Additional information
- Time zone: National Standard Time (UTC+8);

= Gaodeng Island =

Islet west of Taiwan

Gaodeng Island (Kaoteng, Kao-teng Tao) (高登島 (Kao1-têng1 Tao3); Foochow Romanized: Gŏ̤-dĕng-dō̤, also Pei-sha Tao (北沙島), 下目嶼, 下木嶼) is an island in the East China Sea, part of Beigan Township, Lienchiang County (the Matsu Islands), Fujian Province, Republic of China (Taiwan). The island is closed to the public. Gaodeng is located 9.25 km away from the Beijiao Peninsula (北茭半岛) in Lianjiang County, Fuzhou, Fujian, China (PRC). The island can be seen from the nearby Beigan Island and Daqiu Island.

==History==
In 1368, fisherman residents of the nearby Huangqi Peninsula (黃岐半島) moved to and lived on the island.

On February 13, 1951, under cover of fog, eight Chinese Communist motorized junks and more than twenty wooden ships surrounded and attacked the island. After two hours of fighting, the Chinese Communist forces were repelled.

In the early morning of November 20, 1954, ROC soldier Wang Hsi-Tien (汪喜田) was severely injured while capturing a frogman soldier from mainland China who had landed on the island. Communist soldiers who swim to the islands from the mainland are referred to among the soldiers as 'water goblins' (水鬼).

On March 4, 1955, during the First Taiwan Strait Crisis, an assault on Kaoteng Island (Gaodeng) by forty Communist motorized junks was driven off.

On the three days of October 7, 11 and 14, 1955, a total of 49 rounds were fired at Kaoteng (Gaodeng) in Chinese Communist shelling of the island. On October 29, 12 rounds were fired at Gaodeng Island from Fenjishan (糞箕山) on the Beijiao Peninsula. On December 28, Nationalist and Communist forces clashed for an hour in the waters near Gaodeng Island. There were reports of shelling directed at Kaoteng (Gaodeng) later in the year. On February 3, 1956, Gaodeng Island was shelled over 600 times. On February 9, the island was shelled 154 times. On March 19, the island was shelled 119 times and Nationalist forces returned fire, firing thirteen shells. On April 24, the island was shelled 246 times. On May 17, the island was shelled 136 times.
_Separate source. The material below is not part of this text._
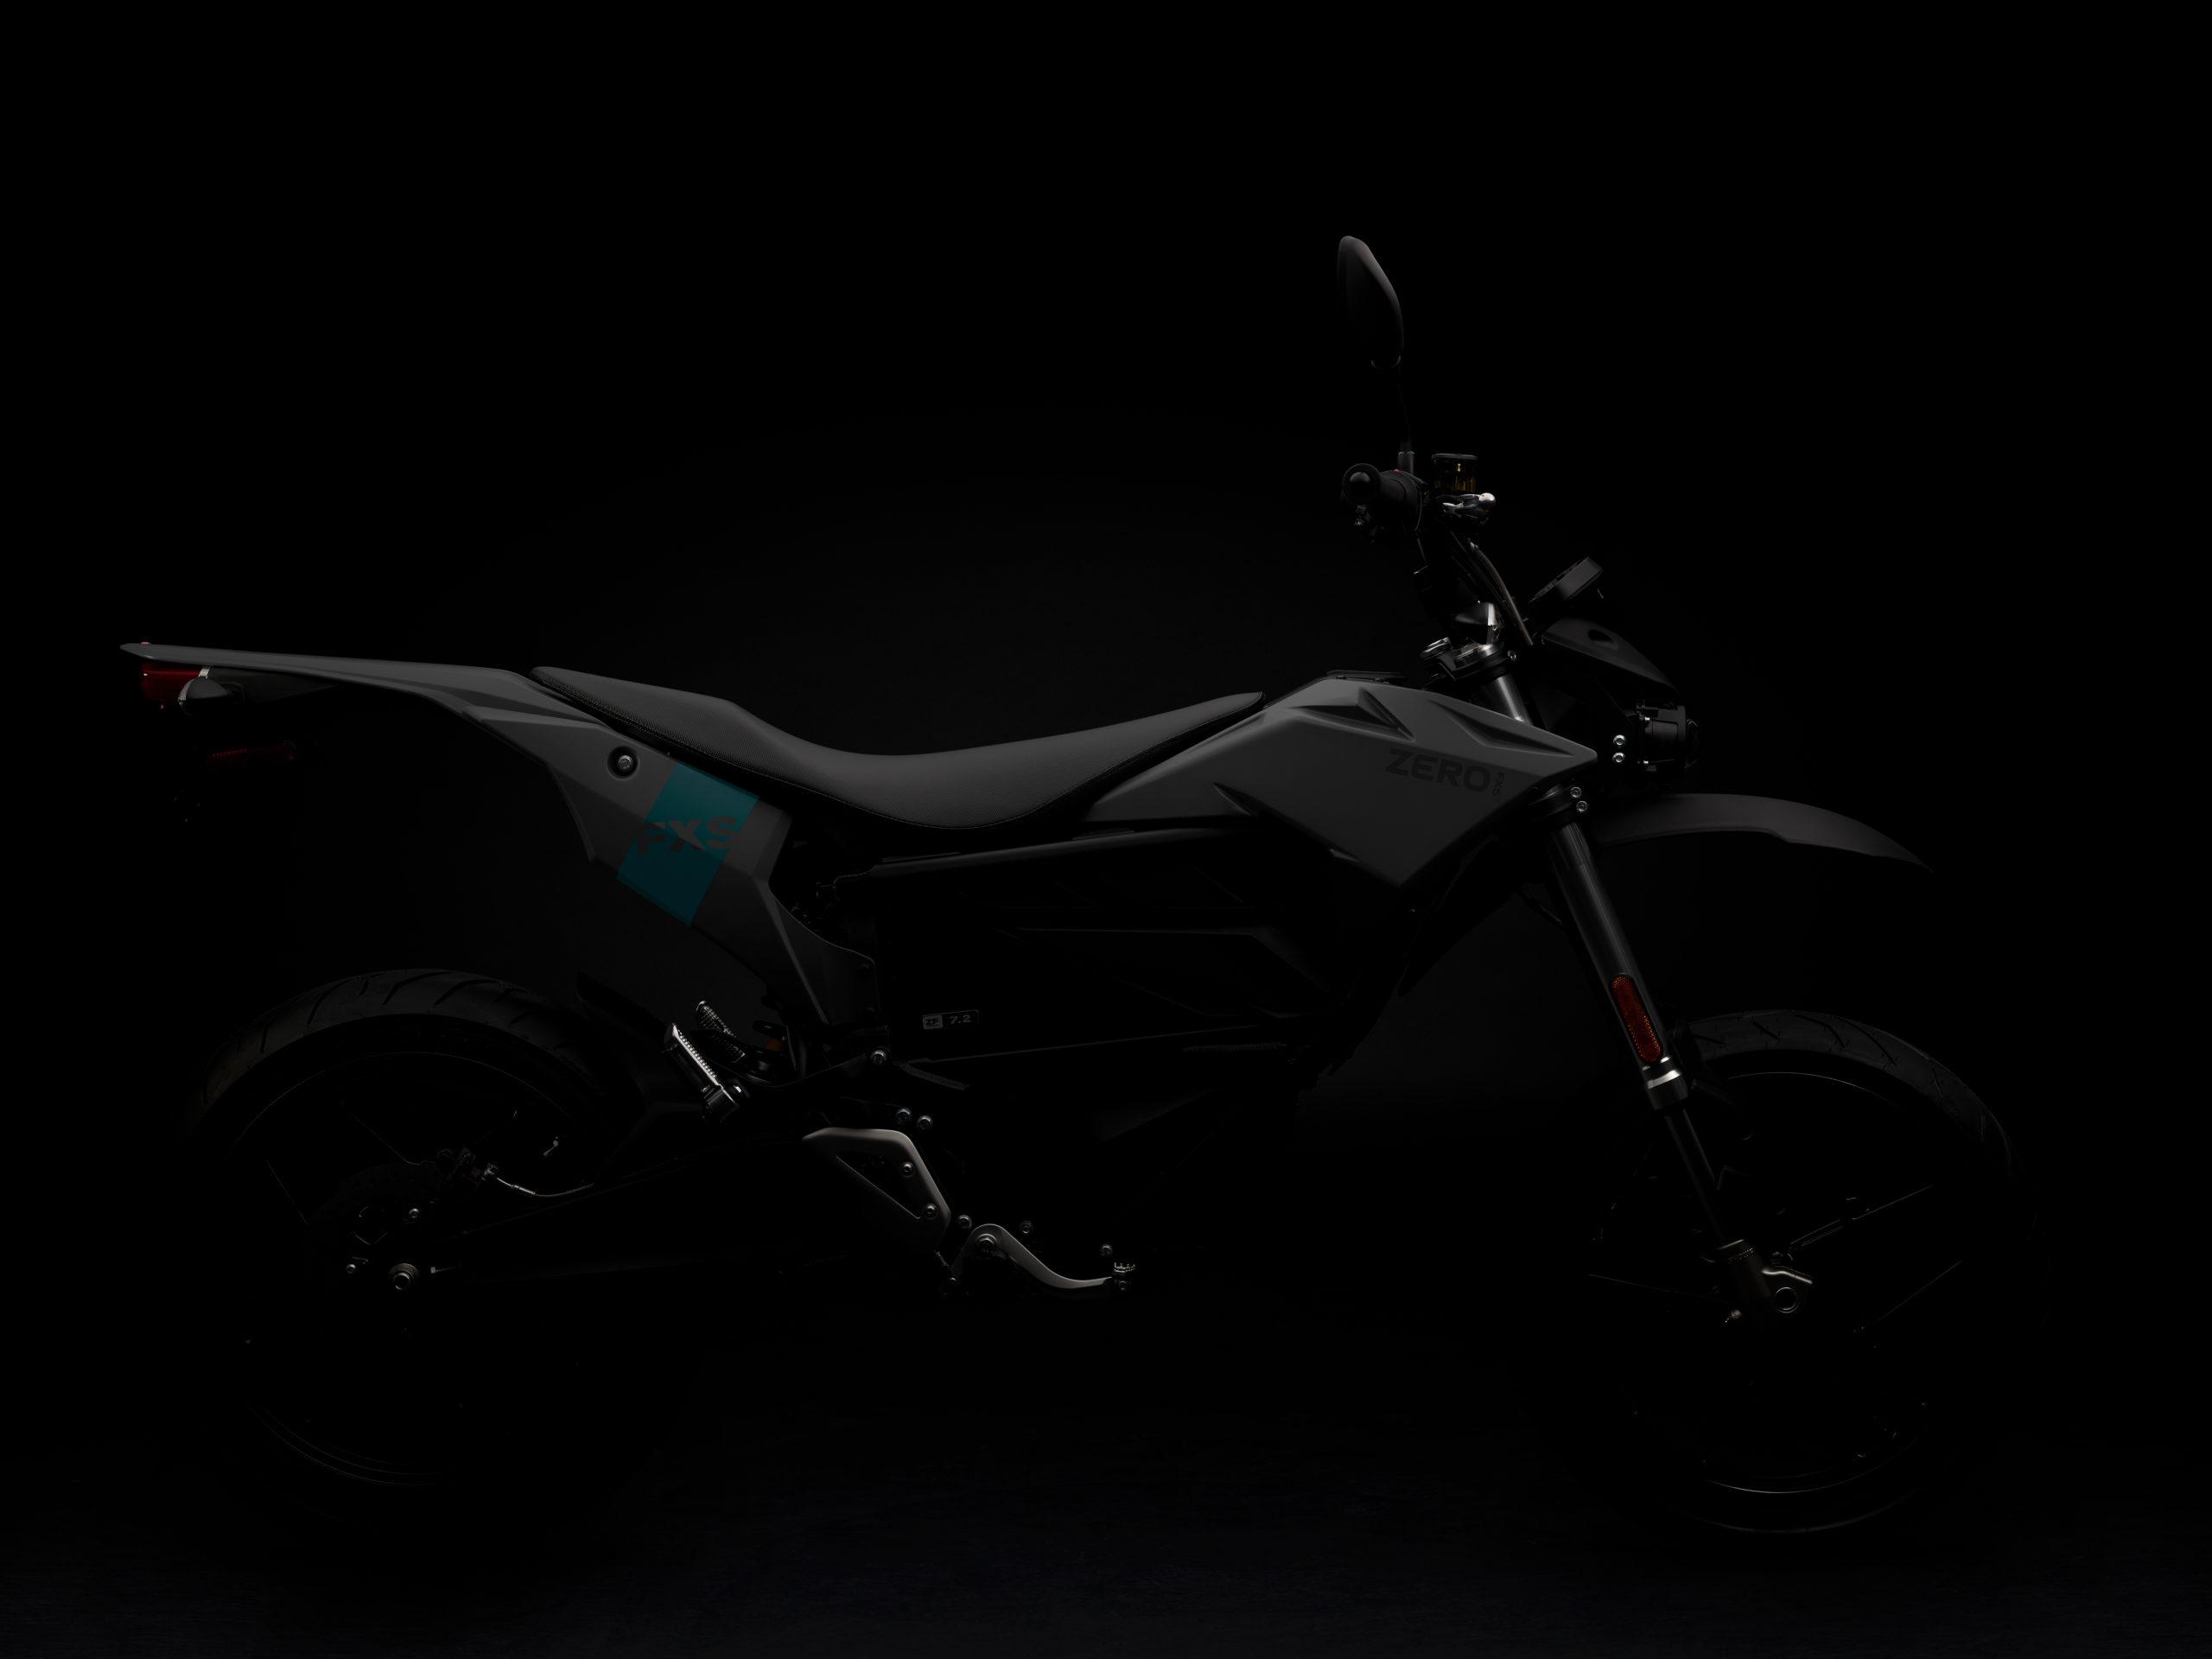 2020_zero-fxs_studio_detail_silhouette

On August 19, 1958, President Chiang Kai-shek visited the island.

On February 6, 1960, Chinese Communists fired 165 shells at the island. Nationalist forces sustained no injuries.

In September/October 1975, frogmen ('water goblins') from mainland China landed on the island twice and left threatening messages in graffiti.

On December 26, 2000, a Chinese fishing boat was spotted 2 km from Kaoteng Island (Gaodeng). The Coast Guard fired 16 rounds of ammunition into the air as a warning. Six crew members aboard were arrested on the spot and the ship sank into the sea.

On the morning of September 9, 2005, President Chen Shui-bian visited Gaodeng Island and other nearby islands.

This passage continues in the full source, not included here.